June 24, 2003
Getting access to a trade secret can not be an offence if it happens passively: imagine that you receive a letter in the mail containing a CD with the latest UnixWare source code. It can't be an offence to bcc ESR on your e-mail to Caldera on how they want to have the CD returned.
June 24, 2003
Yes, there are certainly circumstances where no problems would ensue. But there are others where it could. My point was and remains: don't step into a legal arena without checking with a lawyer and ideally having one to represent your interests. This isn't an area for amateurs.
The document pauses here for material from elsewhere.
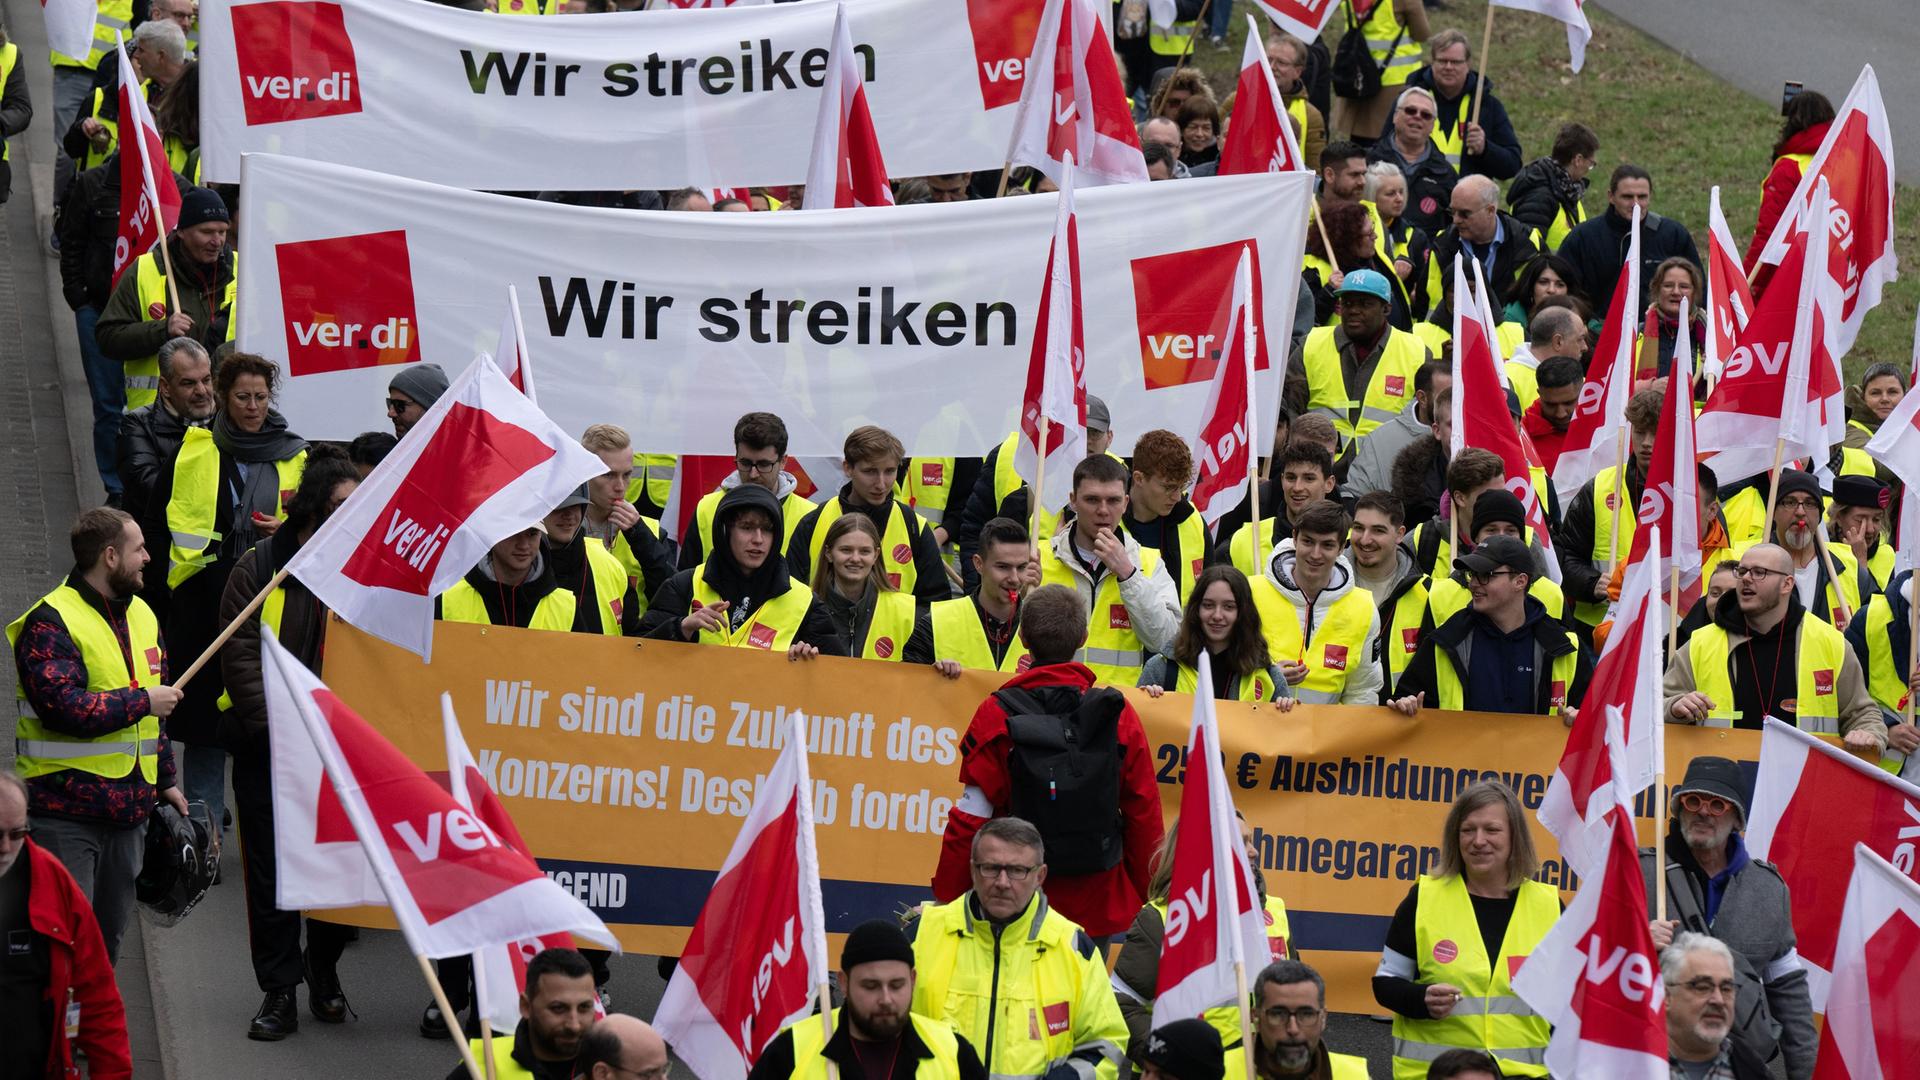 Blick von vorn auf einen Demonstrationszug: Die Teilnehmer tragen gelbe Warnwesten; einige von ihnen tragen Transparente und Fahnen.
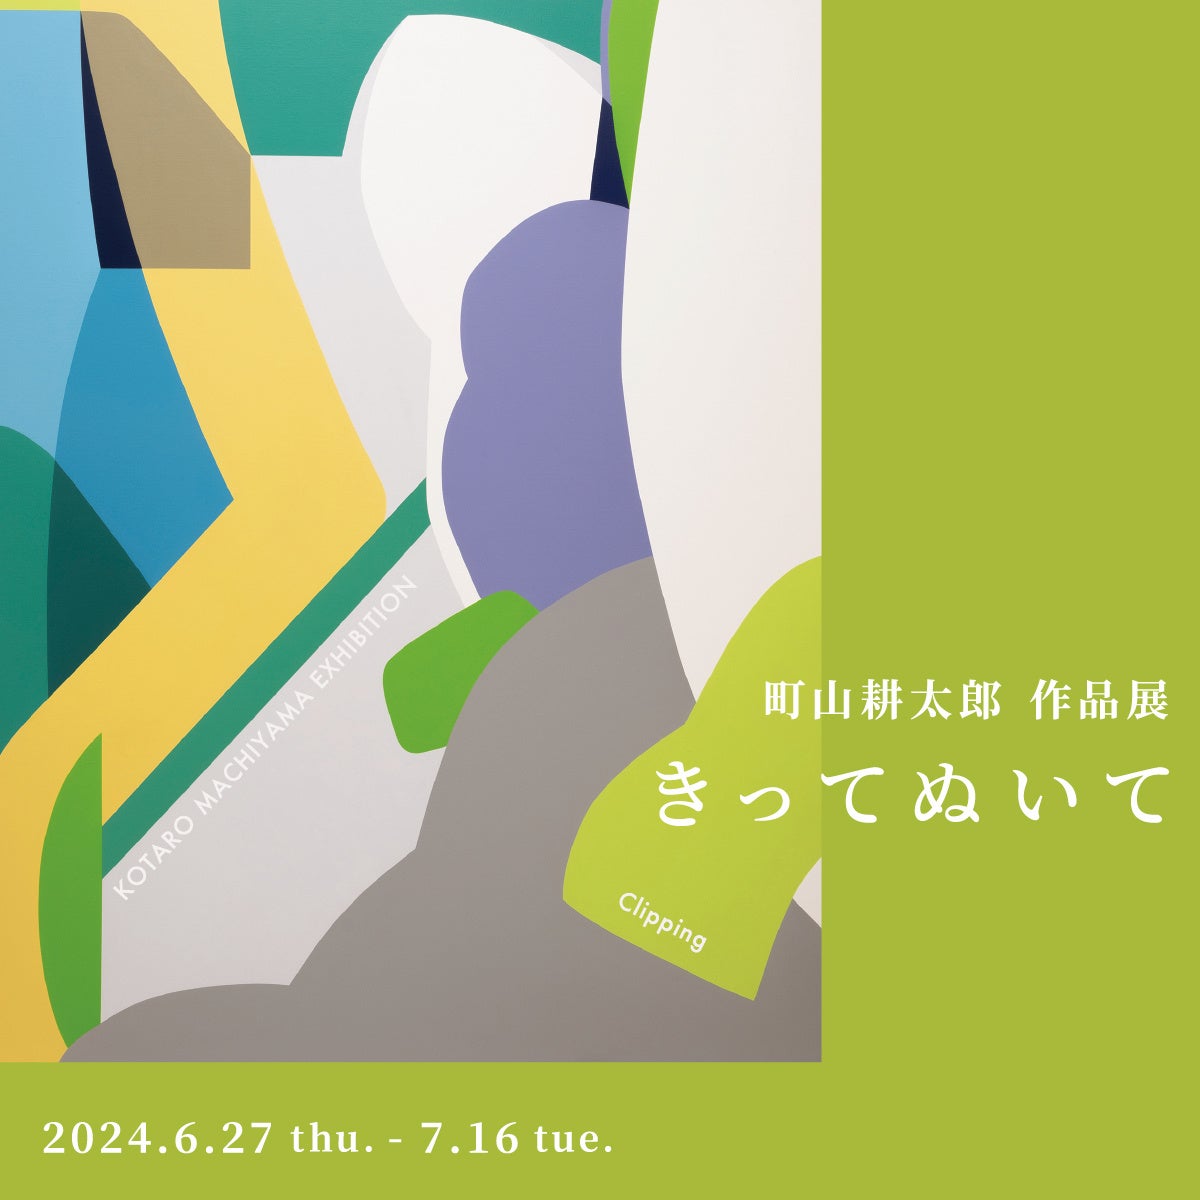 【アルフレックス大阪】町山耕太郎 作品展「きってぬいて」を開催

The law is a difficult and very complex field. It is deceptively understandable, as SCO is demonstrating. You can think you are on solid ground, only to find out you are sinking in quicksand. So, to give legal advice when you aren't a lawyer is hazardous to those who follow your advice. Partly that is because it's not like math, where one and one is reliably two. In the law, it's more like chess. There are definite rules, but you still can't predict the outcome in every instance, because there are humans in the picture. Also, although lawyers speak English (in the US), the words don't always mean what they do in a nonlegal context. This can lead to real misundertandings. It's a kind of code. I personally would never sign anything that put me in the middle of a lawsuit without first speaking to my own lawyer, someone representing my interests. And I hope no one else does either.
Eric S. Raymond
July 22, 2003
Unless I completely misundestand the law, simply having had access to someone else's trade secret is never actionable. You have to have *conveyed access to someone else* before you're exposed. And yes, I checked with a lawyer.